YOLO COUNTY, Calif. (KTXL) — Sunflowers are in full bloom right now, and visitors are flocking to fields to take sunflower selfies.
But uninvited visitors are sometimes a problem for farmers.
So, Yolo County has partnered with some sunflower farmers and groups offering guided tours so people can get up close and personal with the beauties without breaking the law.
The annual sunflower bloom is a golden treasure in the Sacramento region. The flowers open up in June, and by late July, they’re all dried out.
So, now is the perfect time to enjoy the visual treat.
“There’s a whole science behind it that’s just fascinating,” said Terry Selk, executive director of Visit Yolo.
Visit Yolo promotes travel and tourism in the county. Yolo County recognizes what a big draw the sunflower bloom has become.
“It attracts thousands and thousands of interested parties from all over,” Selk said.
Those driving along are likely to see one of the sunflower fields, and it might be hard to resist the urge to pull over and take a sunflower selfie. But farmers ask that people respect the flowers, which represent a large part of their livelihood.
“They appreciate that people want to have that personal exposure, but they couldn’t figure out ways to keep people off their land. They posted no trespassing signs and did all the right things, but trash disposal was a problem,” Selk explained. “People were just disrespecting the whole experience. So we took it upon ourselves to say, one, how can we better support the farmers and what they do? But also, how can be capture some of that visitation that’s coming to our area but then going off somewhere else?”
From there, a creative idea blossomed: offering experiences to sunflower tourists with the blessing of farmers.
At Visityolo.com, people can now find links to sunflower-themed activities including guided tours.
“You guys will have lots of opportunities to take great photos and hang out,” Heather Fortes, with SacTown Bites, said.

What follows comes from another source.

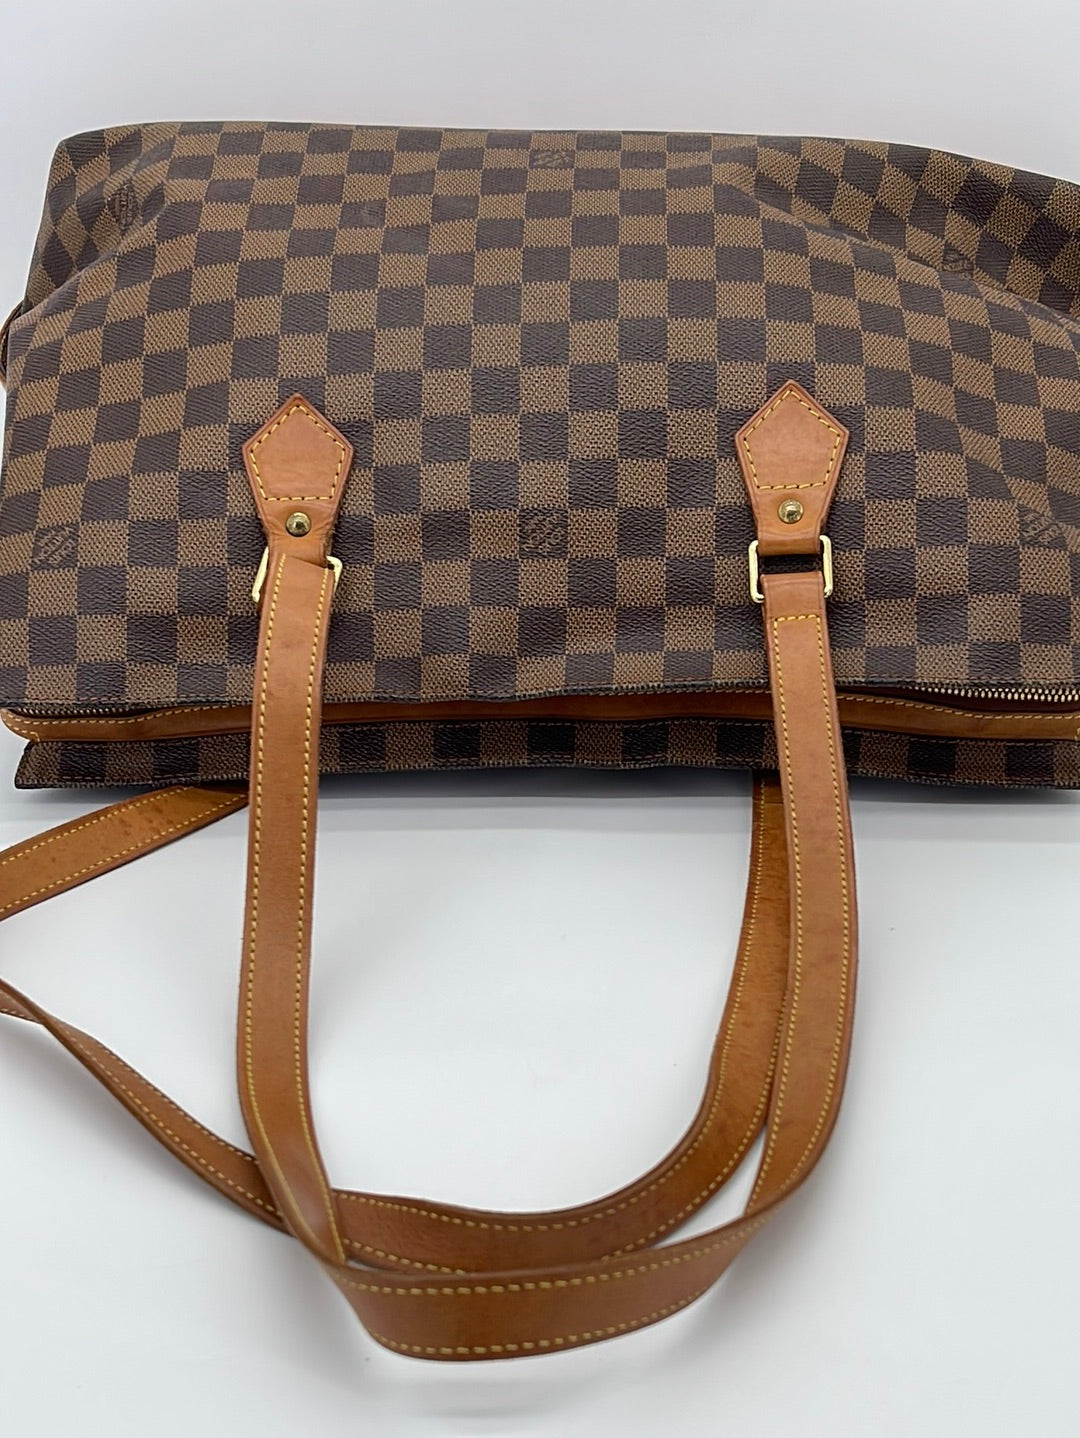 Pre-Owned Louis Vuitton Damier Ebene Favorite PM – Bremer Jewelry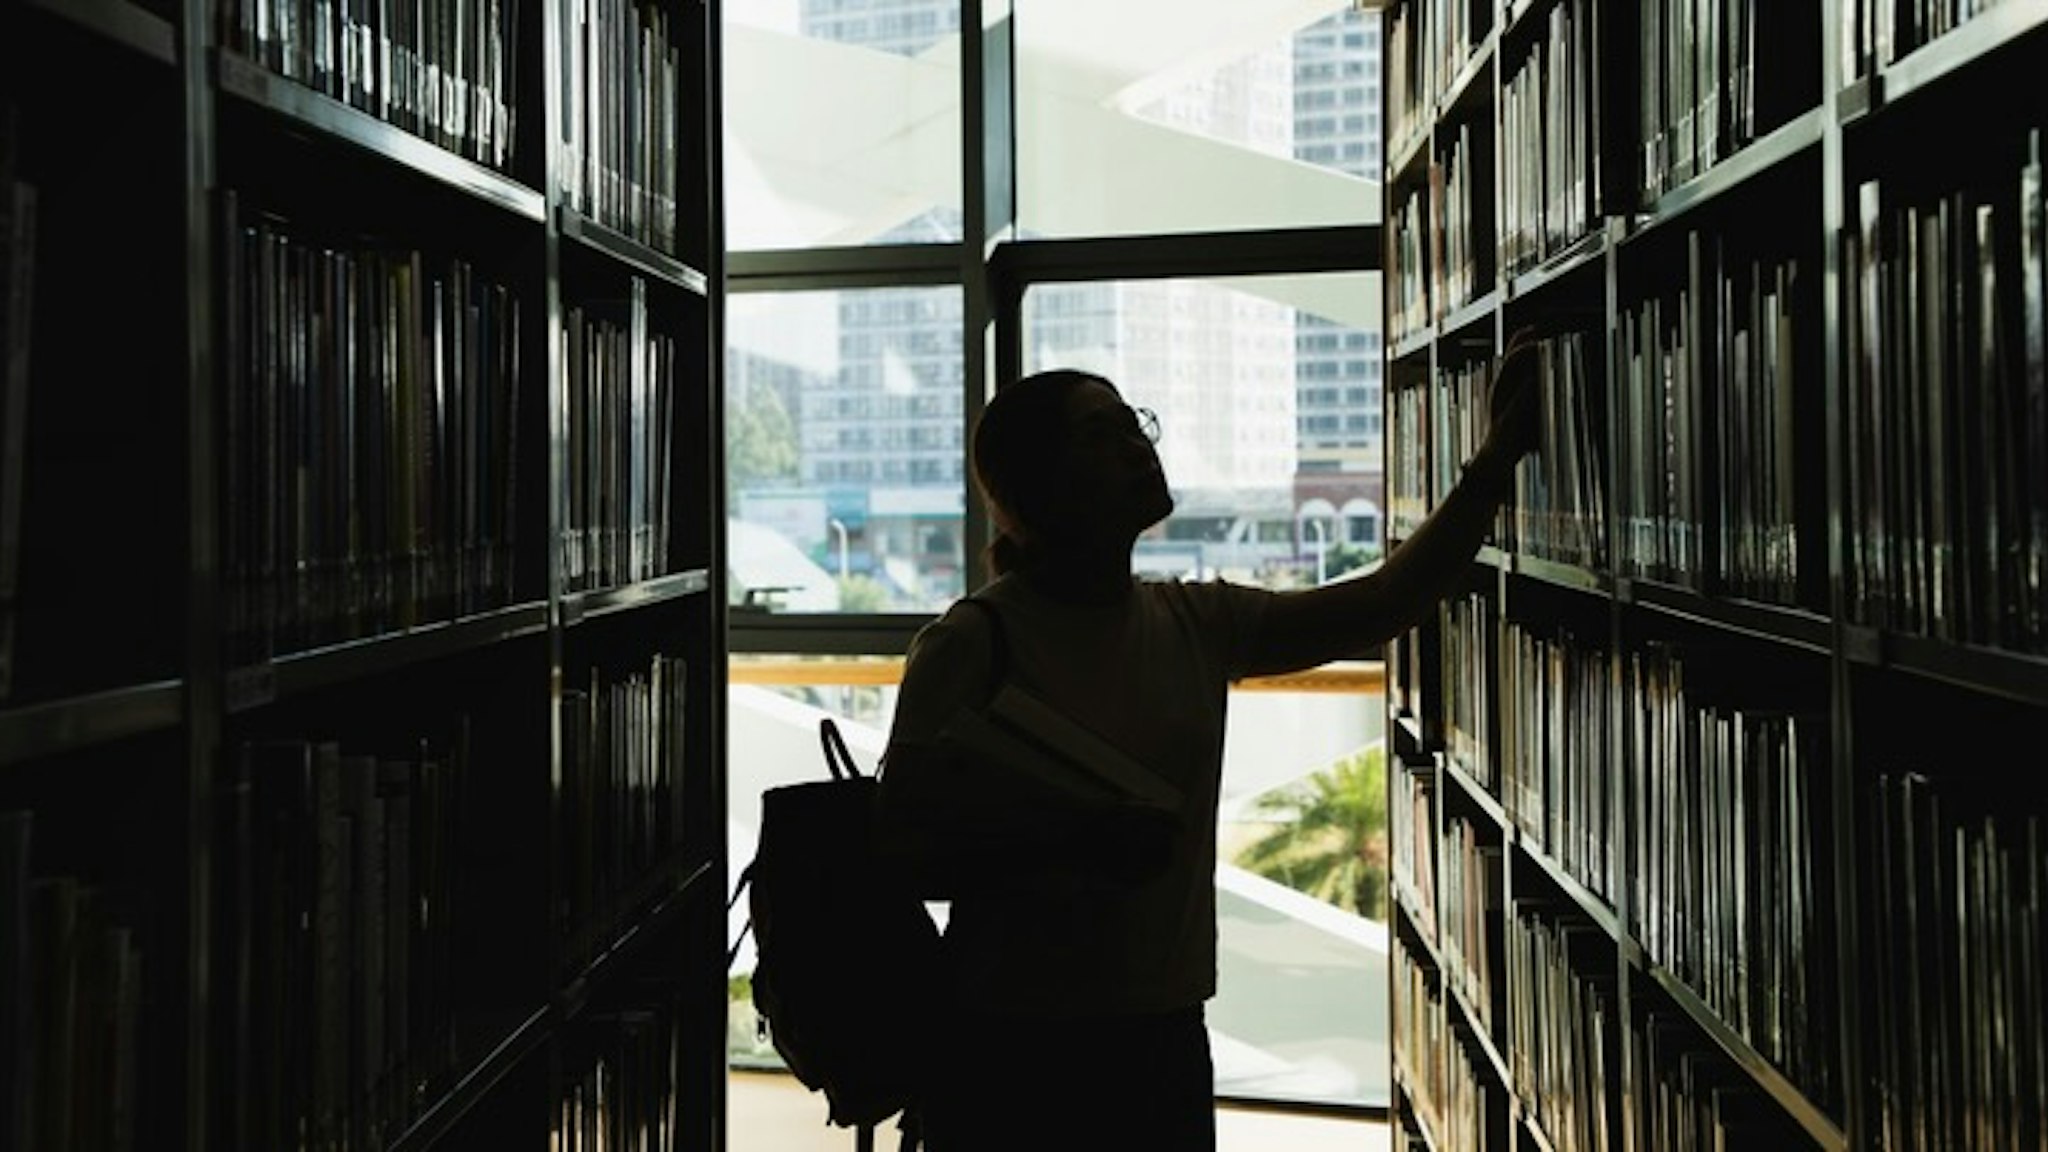 female student in silhouette looking at the books from the bookshelf - stock photo female student in silhouette looking at the books from the bookshelf Kilito Chan via Getty Images

Heather Fortes leads one of those tours through the company SacTown Bites.
“I’m partnered with a private farm, and they give us permission to be out here to see the sunflowers,” Fortes said. “We come out here and we spend about an hour to take photos.”
The tour also includes a museum visit, a honey tasting, wine, cheese and brunch. But the sunflowers are the stars of the show
“They do follow the sun when they’re young. So, their heads turn and try and get as much photosynthesis as possible, but once they’re mature, they really just stay facing east,” Fortes said. “And that helps them just get the early-morning pollinators and as much sun as possible.”
“Great day, great weather, and Heather does a great job organizing,” Emily Dutta, tour participant, said.
“I took pictures, and I looked at the bees,” Maya Dutta, Emily’s daughter, said.
“It’s a fantastic way for people outside the area to get that personal experience and leave with something other than just a picture,” Selk said.